Rafael Nadal explains how he copes with sleep problems during tournaments


Rafael Nadal explains how he copes with sleep problems during tournaments

The management of the tennis world in this very particular year was certainly forced due to the pandemic linked to the now known Coronavirus. Rafael Nadal probably would have won this record before but with the stop to tennis, the number two in the world this week became the player with the most weeks in the Top Ten of the ATP Tour, overcoming another tennis legend like the American Jimmy Connors.

Both have been at the top for over 15 years and Rafa, barring injuries, will remain at the top for at least another two or three years. These days Rafael Nadal has answered a question and answer session with fans, talked about his favorite success and how he keeps his motivation high even after so many years.

A question that aroused the curiosity concerns the fact of how Nadal copes with a possible lack of sleep during tournaments: "I usually sleep well and when we travel the world and there are big time differences, I try to arrive with sufficient time.

before the tournament to adapt to the conditions (jet lag,courts and weather). I try to do things as best I can to be ready for action. And if for some reason you're more nervous just face it.

Rafael Nadal answers a question and answer session

How am I motivated after all these years? I love what I do.

I don't mean tennis in any other way and I try to do my best every day to give myself a chance and to fight to the end. In our sport you will always have the possibility to change the score I can't tell you if I'm the best but I always try to do my best.

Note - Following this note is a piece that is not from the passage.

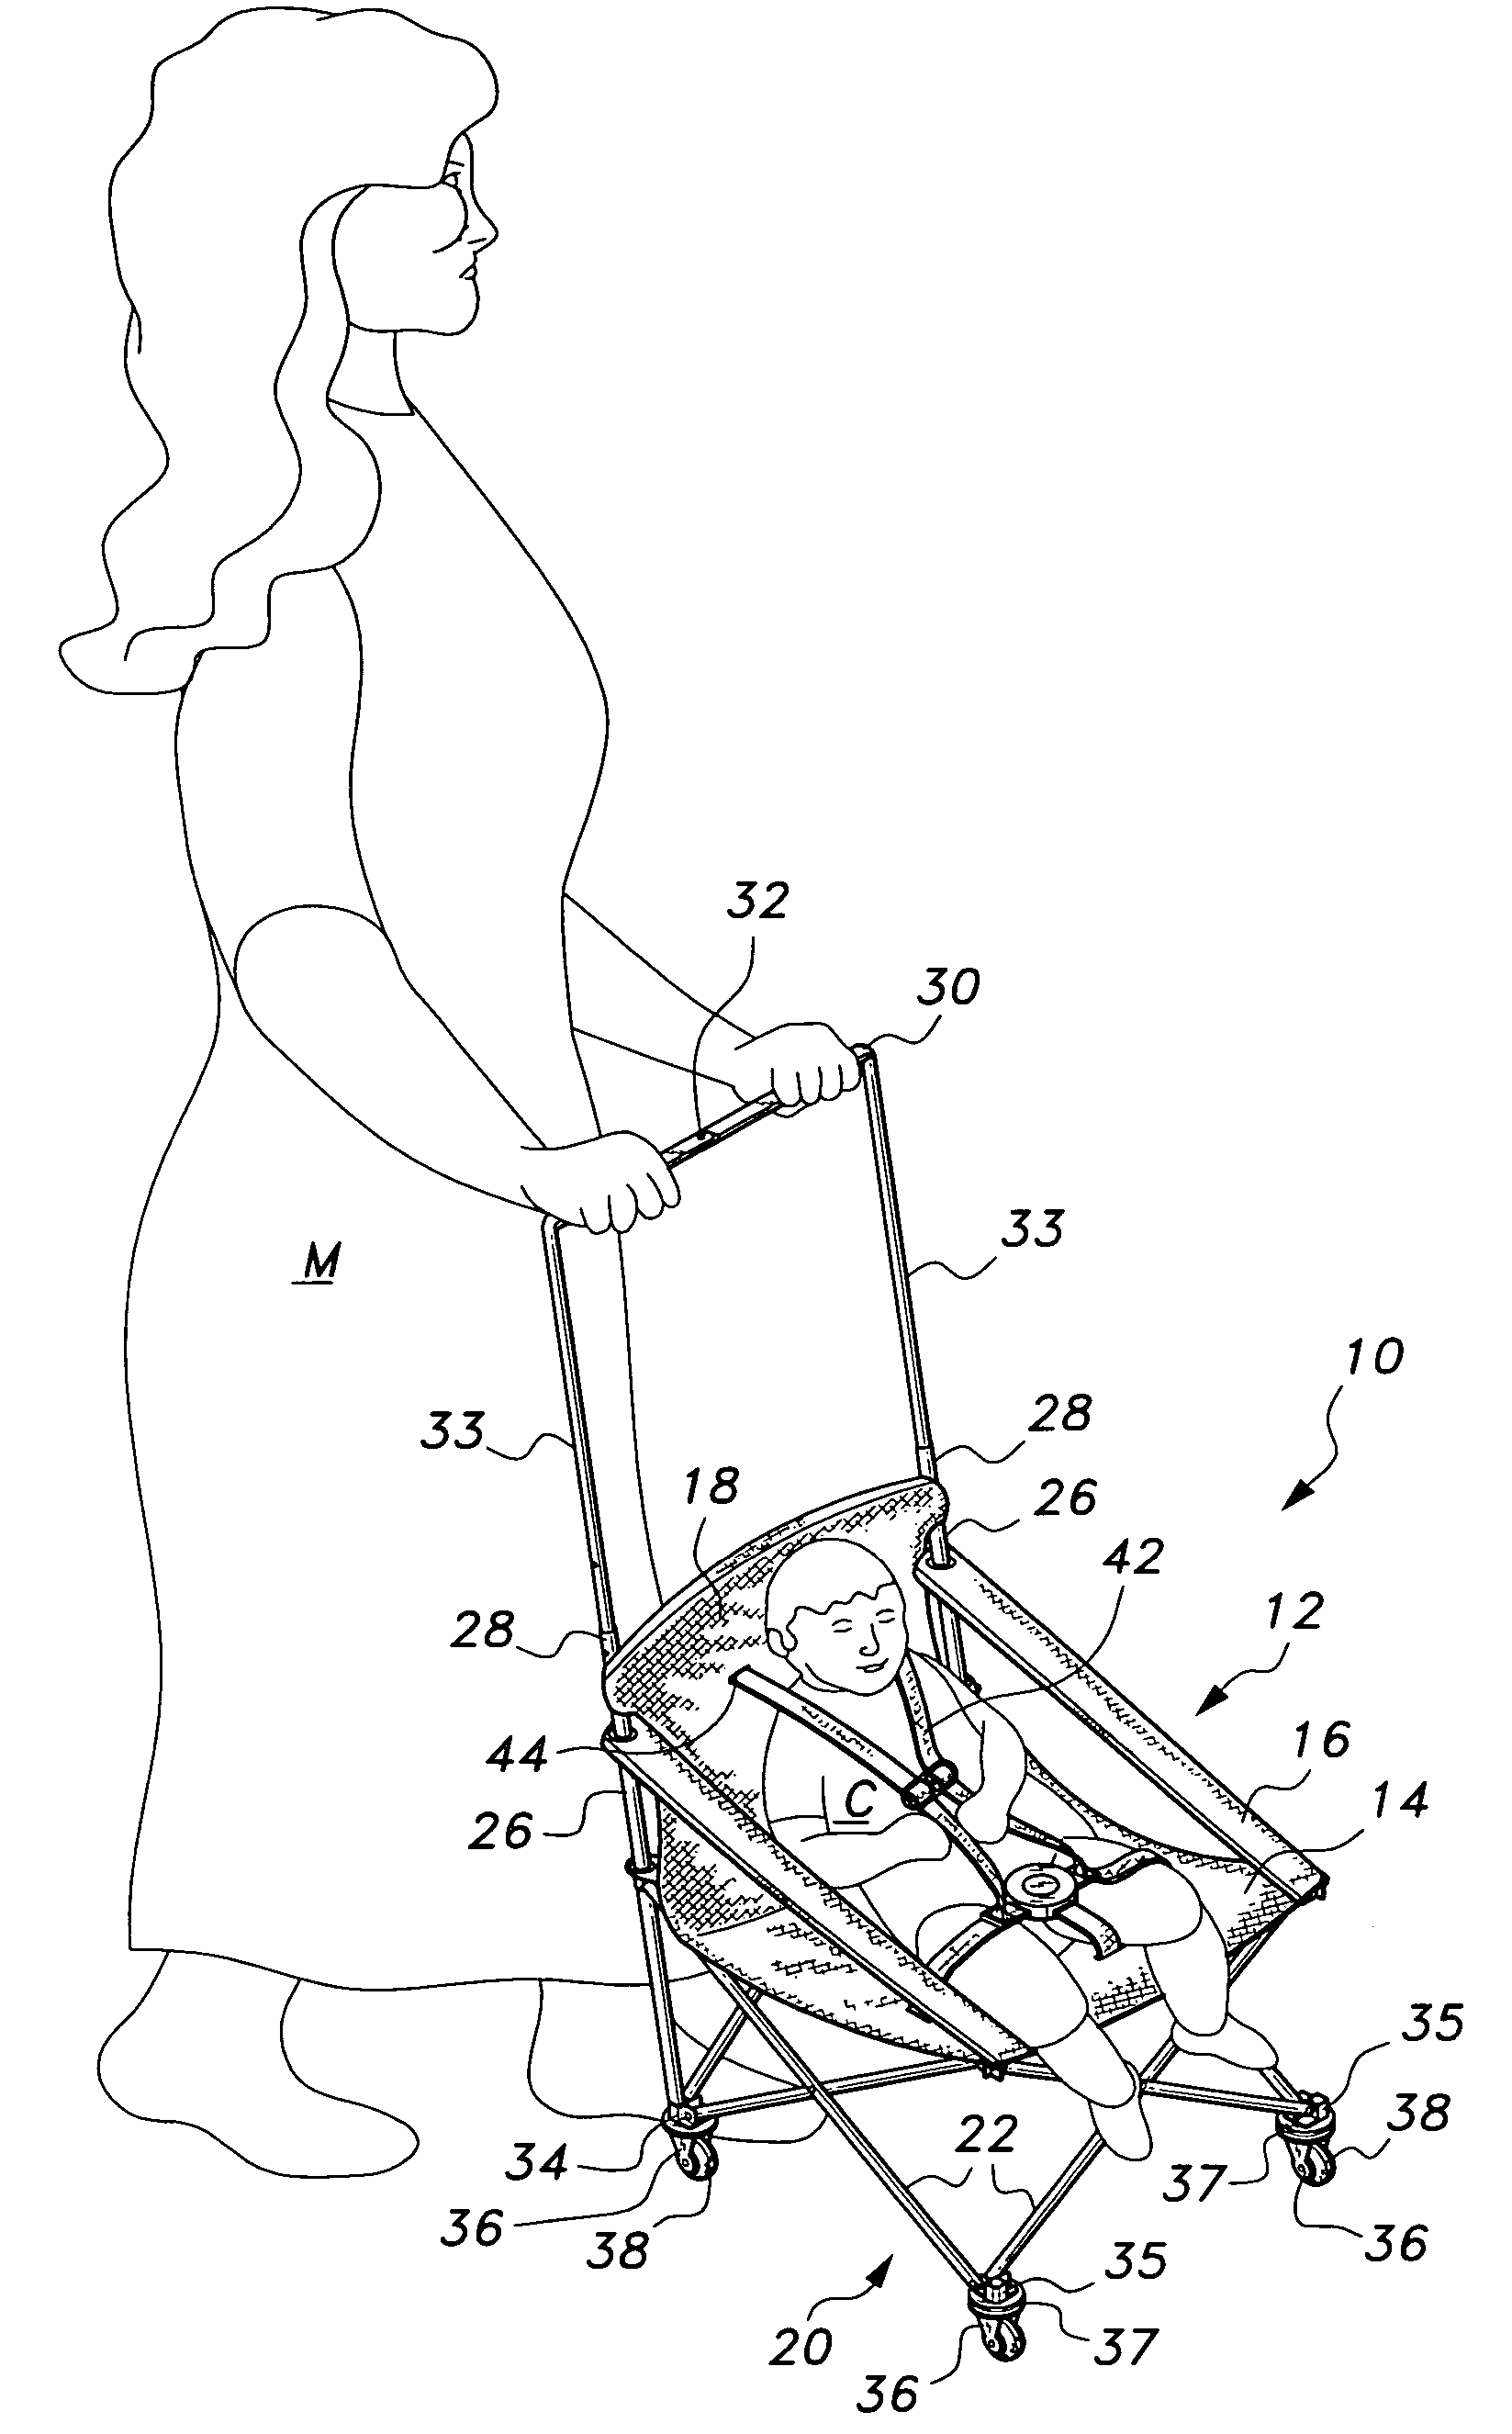 Collapsible stroller

It is my vision of sport and it will remain so until the end of my career. If for some reason one day I don't feel that passion anymore, well, it will be the day that I will say goodbye and so I will do something else." The fifty edition of the Finals, which will obviously coincide with the last stage of a surreal season, will obviously be played behind closed doors.

And it will be played in London for the last time. The Finals, from 2021, will move to Turin and will remain there until 2025. The big absentee of this edition is Roger Federer, who has skipped the most of the season due to double surgery on his right knee.

The Swiss Maestro will come back for the upcoming Australian Open 2021, in Melboure. This year, due to the Global Pandemic, only three Majors were played: the Australian Open, won by Novak Djokovic, the US Open, won by Dominic Thiem and the Roland Garros, won by Rafael Nadal.